Ruling Saenuri Party Rep. Suh Chung-won relayed to Abe a verbal message from Park looking forward to this year, which marks the 50th anniversary of diplomatic ties between Korea and Japan, serving as a “new starting point.”

She also expressed her hope that the dignity of Japan’s wartime victims could be fully restored.

“President Park’s hope is that the 55 remaining comfort women victims can fully regain their dignity, and that is what she’s working toward,” Ju Chul-ki, the senior presidential secretary for foreign affairs and security, said on Thursday.
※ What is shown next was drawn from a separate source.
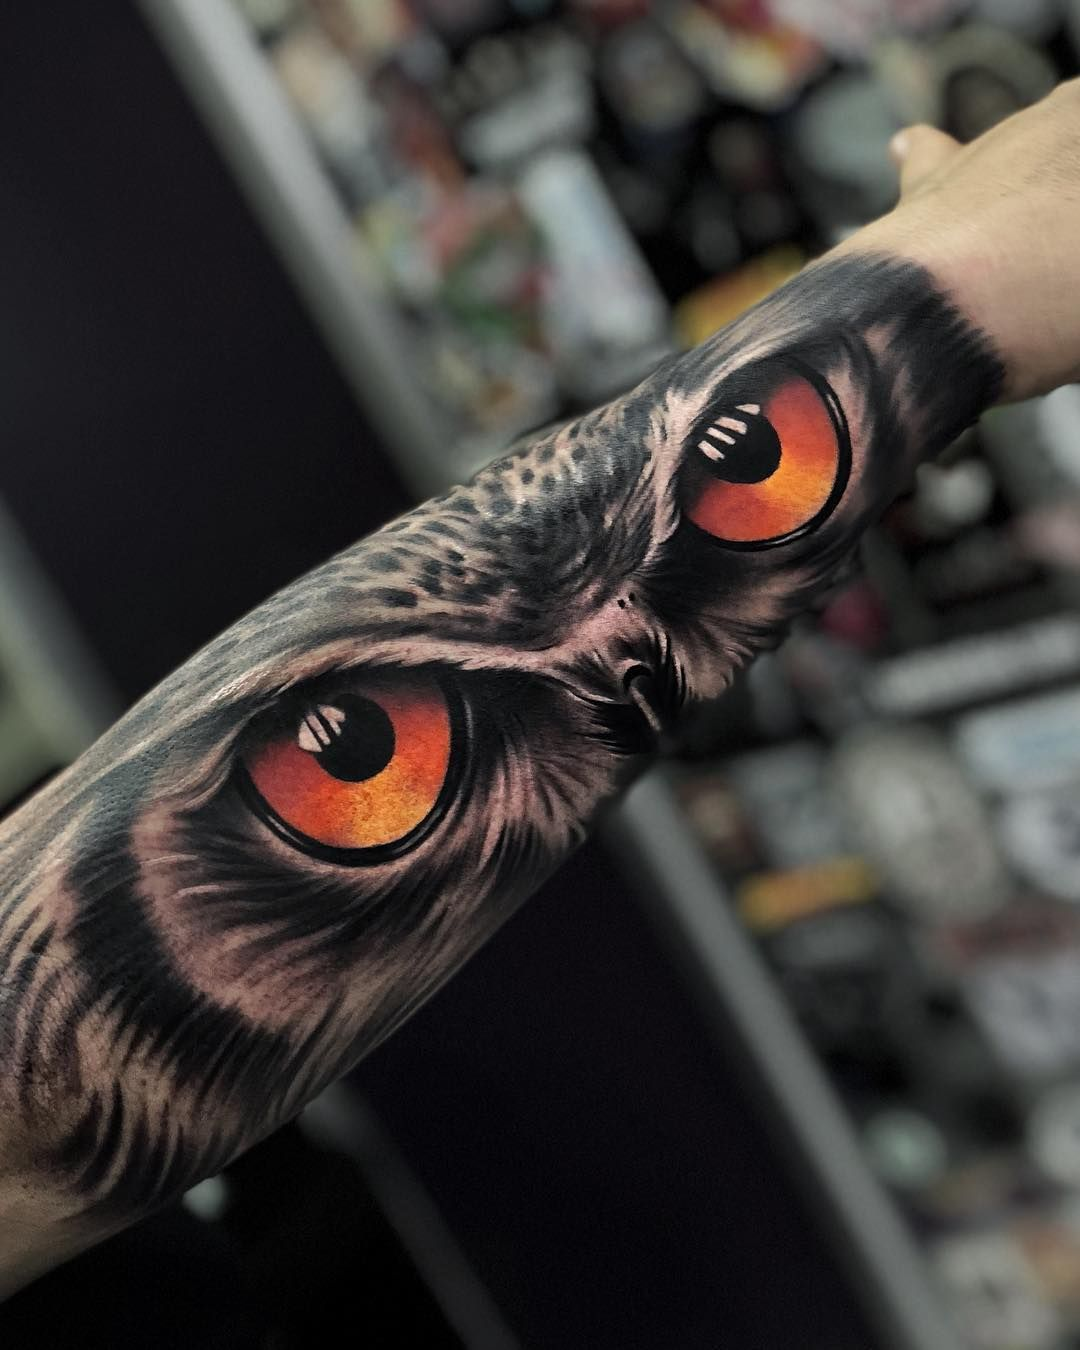 Creative Owl Tattoo C Tattoo Studio Real Ink Tattoo Studio Olhos De Tigre Tatuagem Tatuagem De Tigre Branco Tatuagem Coruja
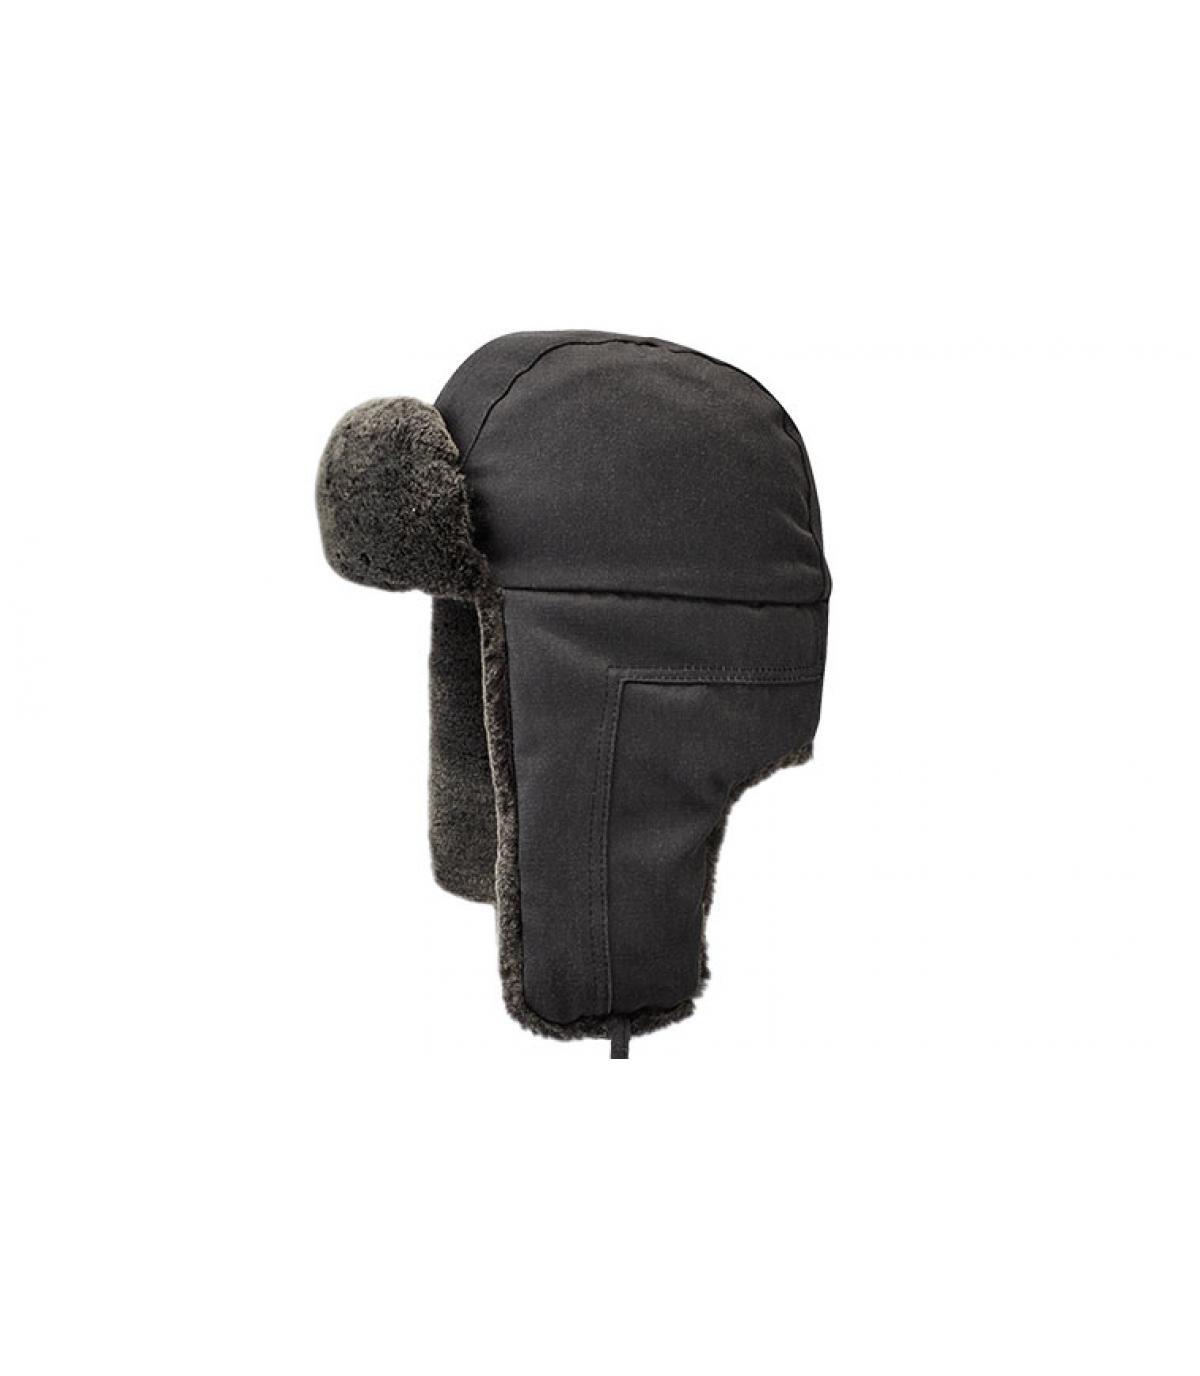 Details Bomber Cap CO PE Fake Fur black - Abbildung 2

Abe responded to lawmakers by saying that he felt “heartbreaking pain” over the issue and that he planned to uphold the 1993 Kono Statement, a landmark apology issued by Yohei Kono, the chief cabinet secretary at the time, for the country’s wartime enslavement of hundreds of thousands of young women, many of them Korean.

However, he repeated his position that the comfort women issue should not be linked to foreign affairs and diplomatic issues.

While the Japanese government has verbally said that it stands by the Kono Statement, Seoul remains skeptical about Tokyo’s sincerity due to the lack of progress made in Foreign Ministry talks concerning comfort women and government-backed historical revisionism in school textbooks.